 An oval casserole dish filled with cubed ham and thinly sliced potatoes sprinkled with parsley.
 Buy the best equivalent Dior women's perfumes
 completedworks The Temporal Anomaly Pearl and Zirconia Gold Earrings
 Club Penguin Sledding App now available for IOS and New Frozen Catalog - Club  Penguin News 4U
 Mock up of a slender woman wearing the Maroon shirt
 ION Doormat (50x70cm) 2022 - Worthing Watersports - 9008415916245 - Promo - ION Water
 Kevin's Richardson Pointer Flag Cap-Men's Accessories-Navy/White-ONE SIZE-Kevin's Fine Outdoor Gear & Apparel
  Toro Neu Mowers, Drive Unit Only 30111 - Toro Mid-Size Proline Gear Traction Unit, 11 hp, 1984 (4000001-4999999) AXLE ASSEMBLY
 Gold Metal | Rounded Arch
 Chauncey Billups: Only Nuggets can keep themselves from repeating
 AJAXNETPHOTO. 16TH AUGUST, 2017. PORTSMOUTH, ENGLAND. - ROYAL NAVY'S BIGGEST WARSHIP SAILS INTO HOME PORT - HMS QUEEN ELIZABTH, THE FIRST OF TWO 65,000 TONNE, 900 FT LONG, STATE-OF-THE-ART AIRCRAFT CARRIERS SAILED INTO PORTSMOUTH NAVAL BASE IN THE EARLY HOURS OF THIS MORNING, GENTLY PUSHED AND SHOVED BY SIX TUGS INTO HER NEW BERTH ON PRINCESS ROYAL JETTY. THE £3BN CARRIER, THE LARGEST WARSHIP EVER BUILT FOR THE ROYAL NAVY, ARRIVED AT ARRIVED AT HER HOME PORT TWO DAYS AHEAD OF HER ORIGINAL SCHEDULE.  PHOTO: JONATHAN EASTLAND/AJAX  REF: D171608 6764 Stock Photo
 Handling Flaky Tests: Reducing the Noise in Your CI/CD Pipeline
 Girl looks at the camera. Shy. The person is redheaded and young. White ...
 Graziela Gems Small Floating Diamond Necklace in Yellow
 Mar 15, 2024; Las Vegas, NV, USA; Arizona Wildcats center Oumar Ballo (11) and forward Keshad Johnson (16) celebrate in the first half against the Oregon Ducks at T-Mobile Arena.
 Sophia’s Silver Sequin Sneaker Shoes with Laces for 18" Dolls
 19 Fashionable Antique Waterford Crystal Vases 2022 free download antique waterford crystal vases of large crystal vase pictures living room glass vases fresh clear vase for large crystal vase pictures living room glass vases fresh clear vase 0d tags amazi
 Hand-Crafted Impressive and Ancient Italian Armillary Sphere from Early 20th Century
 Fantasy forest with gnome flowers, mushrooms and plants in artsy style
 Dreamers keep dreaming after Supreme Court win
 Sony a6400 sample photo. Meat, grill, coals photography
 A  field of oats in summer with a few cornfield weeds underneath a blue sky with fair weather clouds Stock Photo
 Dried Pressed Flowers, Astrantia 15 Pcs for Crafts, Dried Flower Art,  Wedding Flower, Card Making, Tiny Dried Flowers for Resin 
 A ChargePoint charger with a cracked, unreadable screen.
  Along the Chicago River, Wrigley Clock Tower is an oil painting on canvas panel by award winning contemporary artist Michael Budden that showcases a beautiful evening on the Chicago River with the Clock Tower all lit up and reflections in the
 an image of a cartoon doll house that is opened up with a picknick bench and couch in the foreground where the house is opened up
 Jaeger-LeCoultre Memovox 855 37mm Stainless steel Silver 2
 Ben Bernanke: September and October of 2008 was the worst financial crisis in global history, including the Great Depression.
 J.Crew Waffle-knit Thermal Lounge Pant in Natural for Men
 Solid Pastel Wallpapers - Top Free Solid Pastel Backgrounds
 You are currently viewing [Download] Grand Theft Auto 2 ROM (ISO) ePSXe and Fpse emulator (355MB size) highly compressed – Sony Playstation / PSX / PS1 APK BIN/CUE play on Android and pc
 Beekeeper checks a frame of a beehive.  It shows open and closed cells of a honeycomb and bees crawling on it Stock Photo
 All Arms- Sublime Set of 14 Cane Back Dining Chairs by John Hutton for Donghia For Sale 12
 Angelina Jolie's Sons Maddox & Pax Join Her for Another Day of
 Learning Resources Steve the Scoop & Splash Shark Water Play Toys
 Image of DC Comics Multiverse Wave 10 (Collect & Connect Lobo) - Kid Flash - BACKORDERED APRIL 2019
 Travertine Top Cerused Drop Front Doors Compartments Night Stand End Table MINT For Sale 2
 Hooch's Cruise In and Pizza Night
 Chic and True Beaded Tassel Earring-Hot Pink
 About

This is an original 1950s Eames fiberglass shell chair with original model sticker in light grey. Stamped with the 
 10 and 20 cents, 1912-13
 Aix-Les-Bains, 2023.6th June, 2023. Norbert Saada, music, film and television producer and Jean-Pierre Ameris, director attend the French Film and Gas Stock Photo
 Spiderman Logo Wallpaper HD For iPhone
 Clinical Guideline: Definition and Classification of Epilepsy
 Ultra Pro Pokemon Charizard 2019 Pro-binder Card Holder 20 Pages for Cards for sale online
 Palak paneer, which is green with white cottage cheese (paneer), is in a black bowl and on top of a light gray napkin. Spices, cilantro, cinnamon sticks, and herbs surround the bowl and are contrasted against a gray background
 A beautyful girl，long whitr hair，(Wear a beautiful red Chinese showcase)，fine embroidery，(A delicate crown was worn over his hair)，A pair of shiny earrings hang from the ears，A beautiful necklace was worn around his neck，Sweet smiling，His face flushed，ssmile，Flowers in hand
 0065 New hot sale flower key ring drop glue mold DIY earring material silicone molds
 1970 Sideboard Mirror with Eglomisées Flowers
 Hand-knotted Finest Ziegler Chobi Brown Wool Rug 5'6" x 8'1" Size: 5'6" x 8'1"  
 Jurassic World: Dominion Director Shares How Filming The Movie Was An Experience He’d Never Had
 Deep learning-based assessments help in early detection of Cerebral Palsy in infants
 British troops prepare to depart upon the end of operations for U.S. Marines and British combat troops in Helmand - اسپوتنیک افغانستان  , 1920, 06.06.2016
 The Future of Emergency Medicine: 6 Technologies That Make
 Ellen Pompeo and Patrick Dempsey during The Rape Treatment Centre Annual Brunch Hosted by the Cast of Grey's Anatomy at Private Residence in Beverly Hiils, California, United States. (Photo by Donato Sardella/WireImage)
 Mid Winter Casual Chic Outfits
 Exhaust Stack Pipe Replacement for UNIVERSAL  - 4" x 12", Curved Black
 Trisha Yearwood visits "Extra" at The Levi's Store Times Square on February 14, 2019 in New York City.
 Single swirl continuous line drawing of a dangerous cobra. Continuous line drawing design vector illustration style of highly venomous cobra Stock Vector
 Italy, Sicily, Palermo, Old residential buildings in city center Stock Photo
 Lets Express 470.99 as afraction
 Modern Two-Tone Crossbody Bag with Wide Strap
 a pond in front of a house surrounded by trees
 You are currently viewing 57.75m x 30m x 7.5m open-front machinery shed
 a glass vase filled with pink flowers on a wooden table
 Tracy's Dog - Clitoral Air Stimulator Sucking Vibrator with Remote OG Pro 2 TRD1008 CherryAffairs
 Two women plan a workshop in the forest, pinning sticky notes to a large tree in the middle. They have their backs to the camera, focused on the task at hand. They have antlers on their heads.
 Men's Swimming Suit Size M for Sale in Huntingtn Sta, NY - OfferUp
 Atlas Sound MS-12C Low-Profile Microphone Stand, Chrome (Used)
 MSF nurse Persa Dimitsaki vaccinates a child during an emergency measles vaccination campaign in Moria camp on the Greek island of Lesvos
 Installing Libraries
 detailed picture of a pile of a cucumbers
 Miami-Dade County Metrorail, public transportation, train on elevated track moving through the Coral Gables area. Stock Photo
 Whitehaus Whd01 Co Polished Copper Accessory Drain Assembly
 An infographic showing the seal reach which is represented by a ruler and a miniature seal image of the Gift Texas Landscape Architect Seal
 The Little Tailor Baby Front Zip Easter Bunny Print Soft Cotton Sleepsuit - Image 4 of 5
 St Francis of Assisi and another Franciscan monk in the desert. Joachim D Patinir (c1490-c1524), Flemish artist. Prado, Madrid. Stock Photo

# Exercise aim:
Every line of the listing that holds "from" should be found and copied.

# Answer to the problem:
 Chauncey Billups: Only Nuggets can keep themselves from repeating
 Hand-Crafted Impressive and Ancient Italian Armillary Sphere from Early 20th Century
 A beautyful girl，long whitr hair，(Wear a beautiful red Chinese showcase)，fine embroidery，(A delicate crown was worn over his hair)，A pair of shiny earrings hang from the ears，A beautiful necklace was worn around his neck，Sweet smiling，His face flushed，ssmile，Flowers in hand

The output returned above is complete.